The monthly user churn metric masks fundamental problems with product growth.
It’s tempting for companies, especially smaller start-ups that are under-resourced in analytics, to measure user base growth from a macro perspective. Through this lens, it’s fairly easy to observe if a product is growing or not: is the number of new users added to the product each month greater than the number that churn? If so, then MAU should theoretically be increasing and the product is officially growing.
This sounds straightforward, but it hides a number of complexities that could end up handicapping the product team at some point. Imagine a 30-day DAU chart that looks like this for a product that on-boards 1000 new users per day (all graphs below taken from this spreadsheet):
A product manager would surely be pleased to see a chart like this — DAU is growing and the chart is headed up and to the right. Churn could be calculated by some sort of instrumentation with a broad definition for churn being applied to usage (eg. a user is considered churned if they haven’t been present in the product in 7 days), but looking at the broad top-line DAU chart, churn wouldn’t be considered problematic: obviously some users are churning since DAU isn’t growing linearly with new activations / on-boarding, but since the product is growing, it doesn’t really matter.
But if we extend the DAU chart to 180 Days, we see a different picture: DAU has flatlined and growth has disappeared. The top-level DAU number doesn’t provide much insight, and certainly whatever churn assumptions that were made from the 30-day DAU graph were incorrect:
Breaking this graph out by cohort month — that is, putting each user in the DAU into a bucket based on the month in which they were acquired — adds a little more depth to the analysis. Users are churning out so quickly that the cohorts don’t really compound month-over-month; after some fairly early point in the user lifecycle, cohorts dwindle down to almost nothing, and the DAU base essentially hovers around some level as the same number of users join and leave the product each month:
The sharp reversal in the Month 1 cohort, which is represented by the blue bars, underscores the lack of stickiness of the cohorts: DAU shrinks significantly as soon as new users are no longer added to the cohort (because the month has ended).
So in the span of four months, the product analyst’s mood shifted from elation to dejection: the product was clearly growing after 30 days of user acquisition observation and is clearly stagnating after 180 days. The DAU chart and some very general sense of churn (or net additions) misled this analytical exercise and gave false hope to the product team.

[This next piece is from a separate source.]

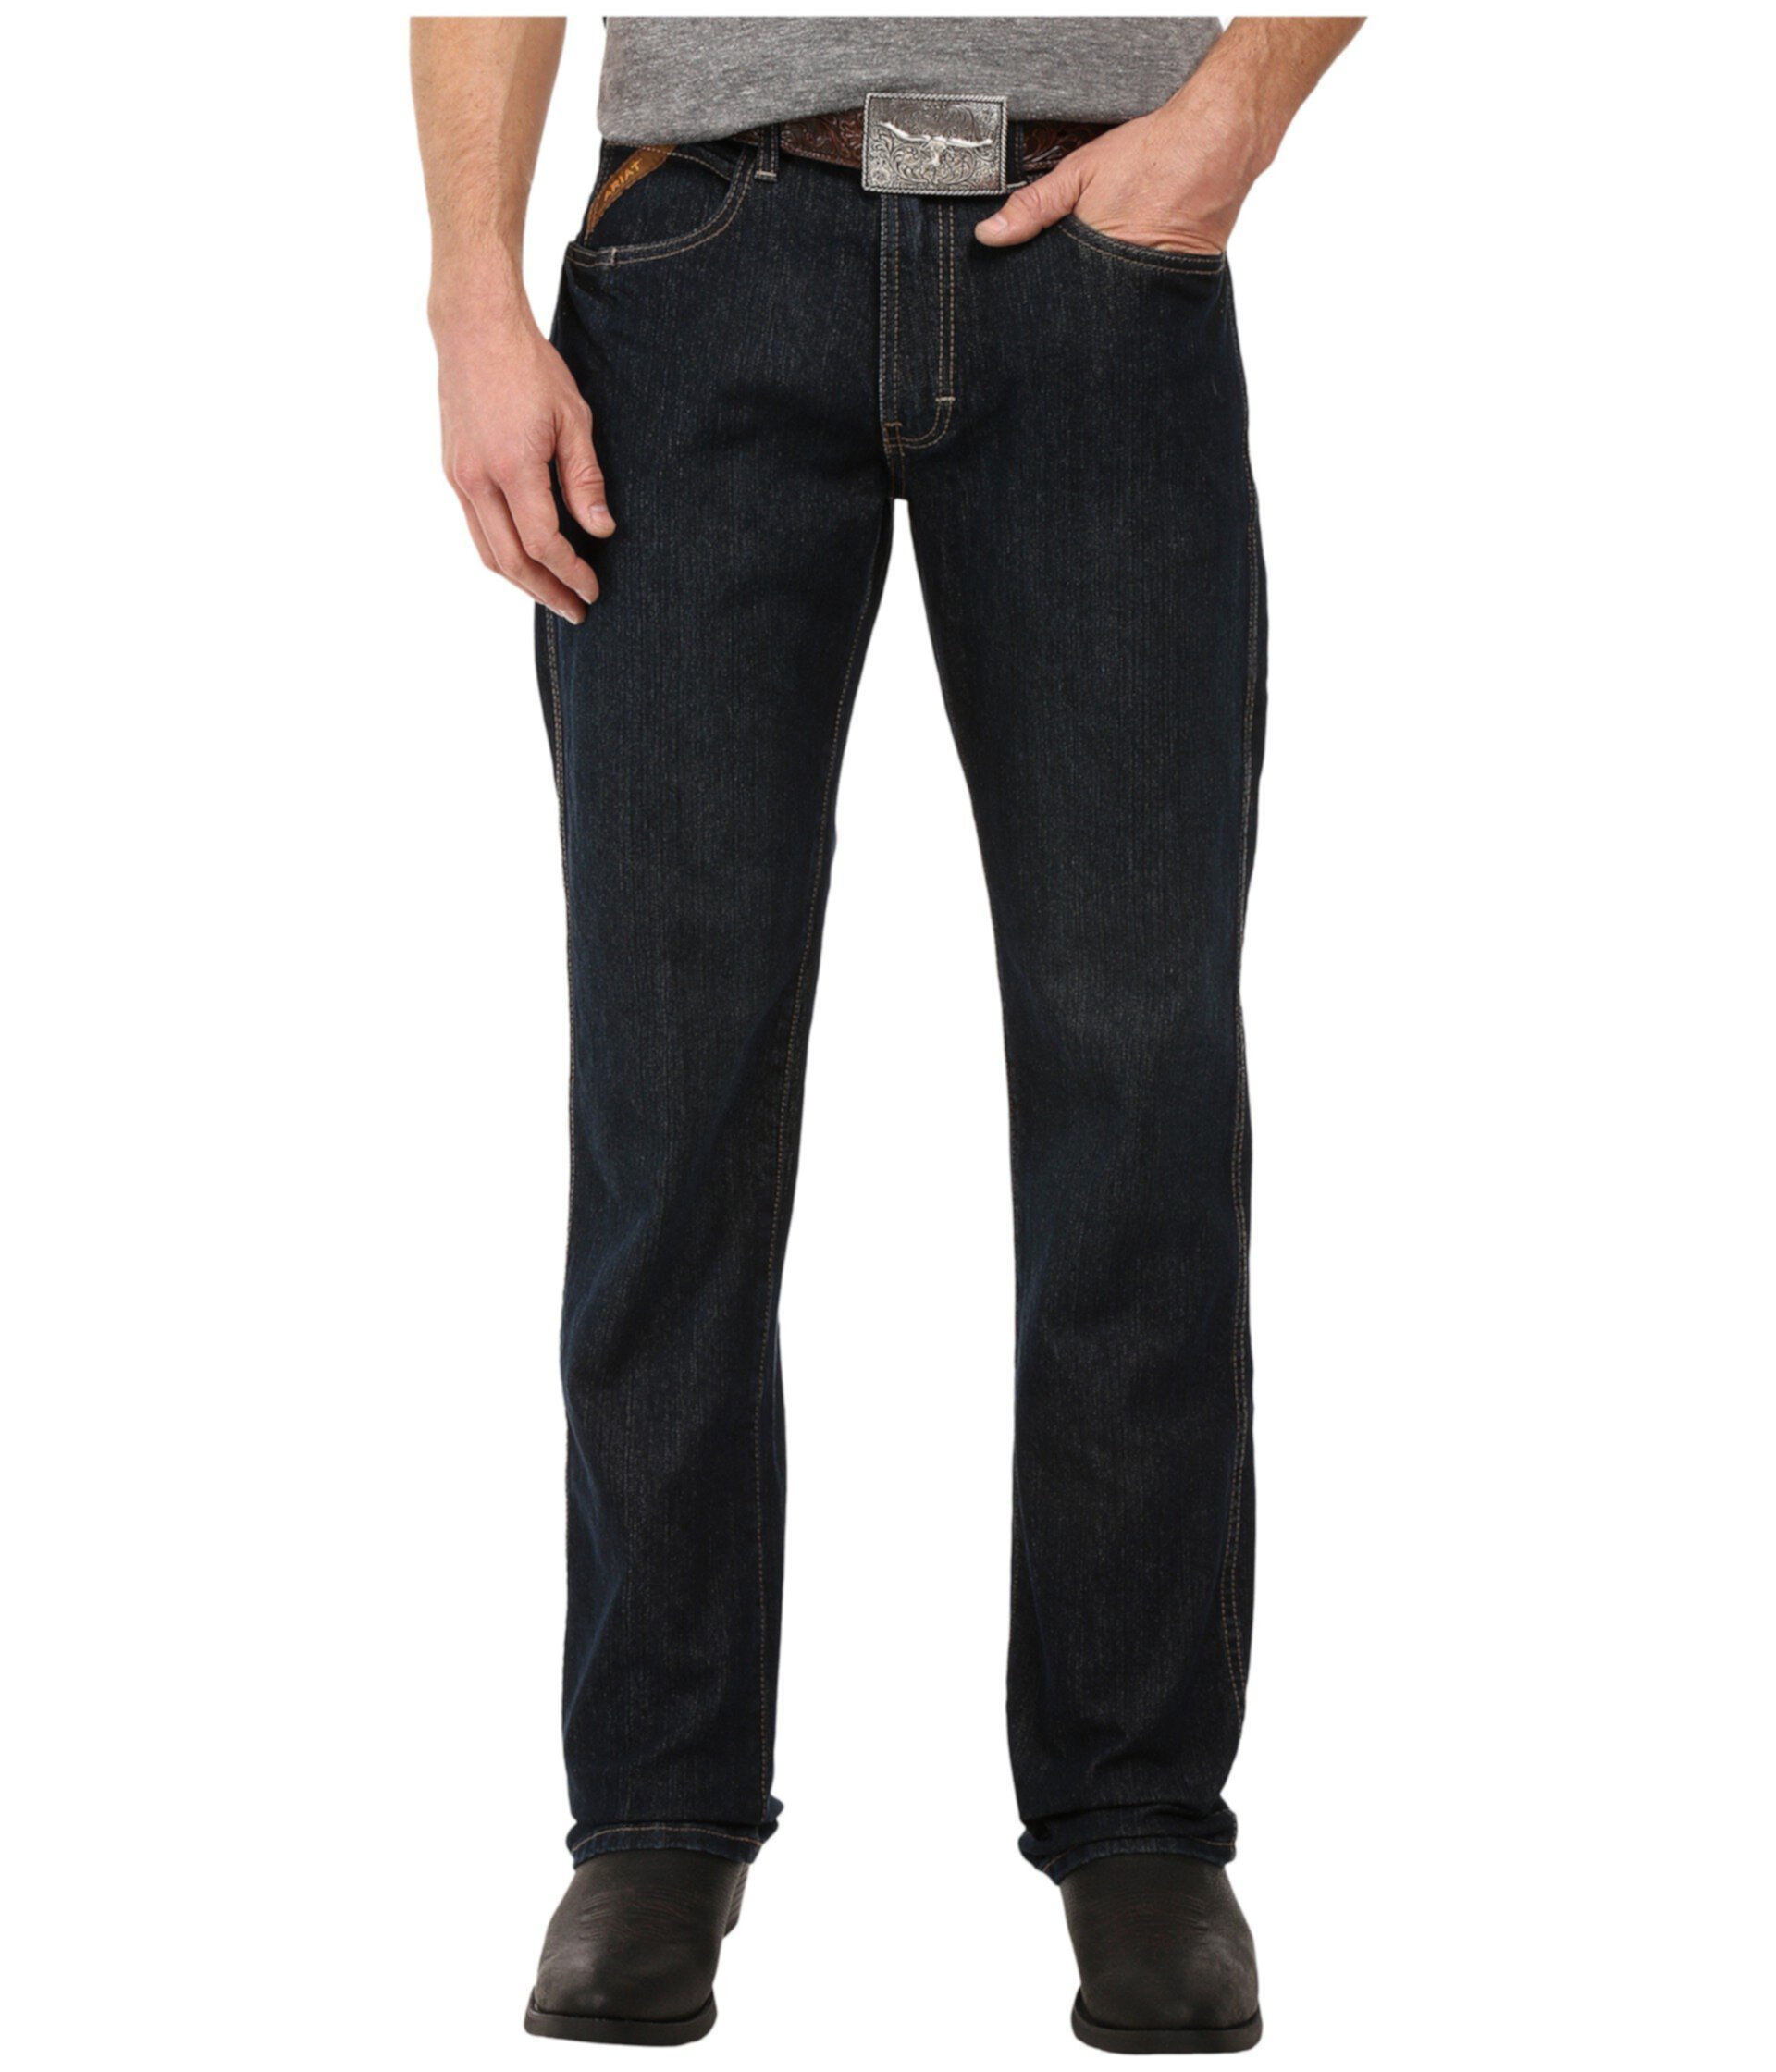 Зауженные прямые джинсы Rebar M5 в цвете Blackstone Ariat

Reverse-engineering the model used to build those charts provides a better analytical starting point for analyzing the growth trajectory of a product. Each cohort in the above charts is projected out using a retention profile with a fairly steep early-stage decline (which is common in freemium consumer apps):
The retention profile tells the analyst everything they need to know about churn. And what’s more, a retention profile is more flexible than a broad churn metric calculated off of topline DAU: since the composition of DAU at any given month can change based on user acquisition activities and the age of the cohorts represented in DAU, it makes no sense to draw conclusions based on net changes in DAU, even when DAU is growing. What if an app was featured this month and those users are less valuable (ie. churn faster) than the other users in the DAU base? What if the product has only been released for a few months and the golden cohort represents a large portion of the product’s DAU?
By not breaking out DAU by cohort (and acquisition channel, geography, etc.), the analyst assumes that every user in the DAU base is the same and is equally likely to churn from one month to the next. Consider the case where the quality of traffic changes considerably for the product over time; from Days 1 – 60 the traffic is high quality and produces users with the retention profile in red below, from Days 61 – 120 the traffic quality is reduced and produces the retention profile in blue below, and from days 121 – 180 the traffic quality degrades even further and produces the retention profile in yellow below:
The overall DAU graph looks lumpy; a broad churn calculation (“we’re losing more users per month than we are gaining!”) would alert the analyst to the existence of a problem but wouldn’t be very helpful in providing guidance beyond that:
Breaking the DAU out by cohort month provides some direction on the problem: new cohorts aren’t retaining as well as older cohorts and the DAU base is shrinking over time.
But it’s not until each of these cohorts can be broken out into retention profiles that a product team would really understand what’s happening (early-stage retention is terrible and has declined over time, although late-stage retention is roughly constant). Broad, monthly churn metrics can’t help the team to narrow down the problem scope beyond “the product loses more people than it gains”.
That’s a very vague clue to pursue. Growth models should be forward-looking on the basis of projected retention, not on top-level DAU changes that don’t consider the makeup of the user base over time. If the product team isn’t aware of what user retention profiles look like — broken out by geography, acquisition source, platform, and over time — then it can’t understand why slowdowns and accelerations of growth happen. And if growth isn’t understood, it can’t be managed.